Any particular spec(s) you are looking for?


----------



## Mike_WI (Feb 26, 2009)

cburbs said:


> What price range?
> 
> Any particular spec(s) you are looking for?


Ha.
Your reasonable questions have stymied me (momentarily).


Probably <$1000, lightweight, good battery, decent processing and screen size.

This will mainly be a secondary/tertiary computer used for surfing the web at home while watching the nth iteration of kids movies or while at meetings for work.

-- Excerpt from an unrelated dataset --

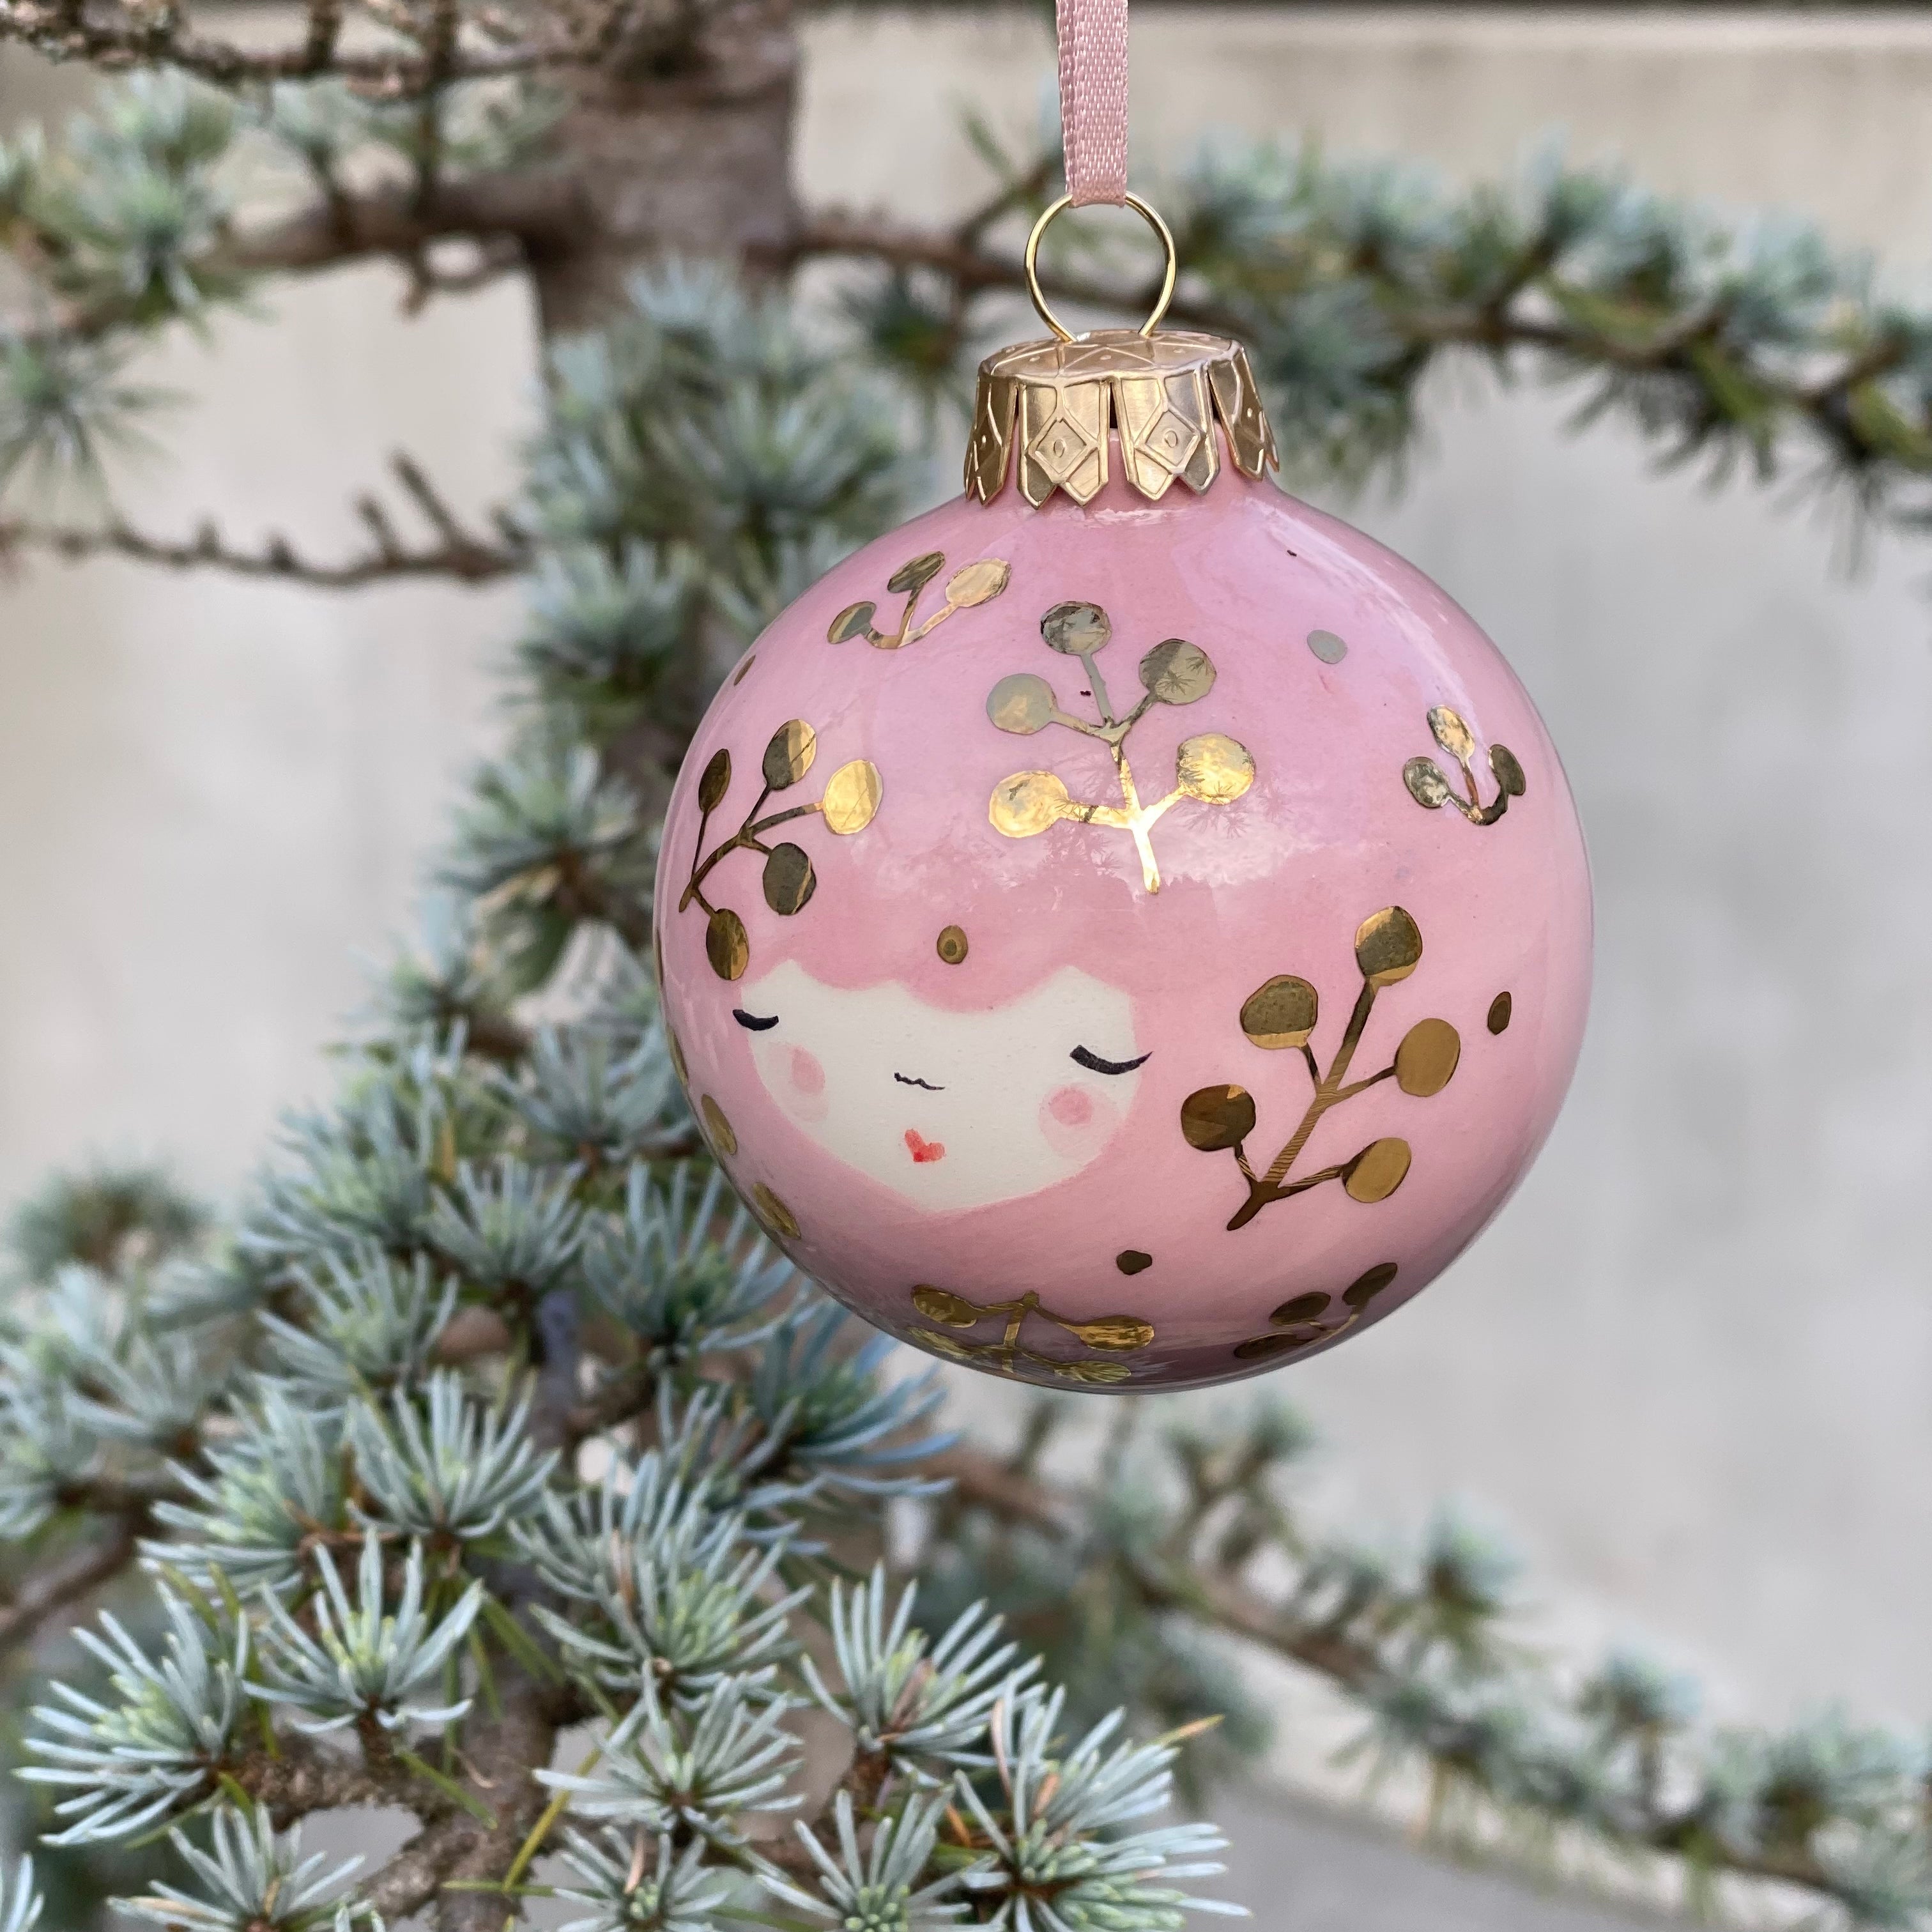 Marinski Heartmade's Christmas ball petals - pink

My current work computer (a HP compaq I think) doesn't have much memory and has a bunch of work software on it that slows it down.

Mike


----------



## cburbs (Mar 27, 2007)

Does screen size/weight matter?


----------



## Mike_WI (Feb 26, 2009)

cburbs said:


> Does screen size/weight matter?


I think my current laptop is ~15" screen, so I think that is about right.
Lighter is nicer, but doesn't need to be a featherweight.

Mike


----------



## Ray3 (Feb 4, 2008)

Acer has a pretty good price/value relationship. I am typing this on an 1810 TZ and I have been very pleased with it over the last year.


----------



## Mike_WI (Feb 26, 2009)

Mike_TX said:


> What do you think of this laptop...
> 
> *Acer TimelineX AS5820T-7683 laptop*
> $600 at Amazon (from $700 MSRP)
> ...


The price on this has just been going up on Amazon.
What's up?

Mike


----------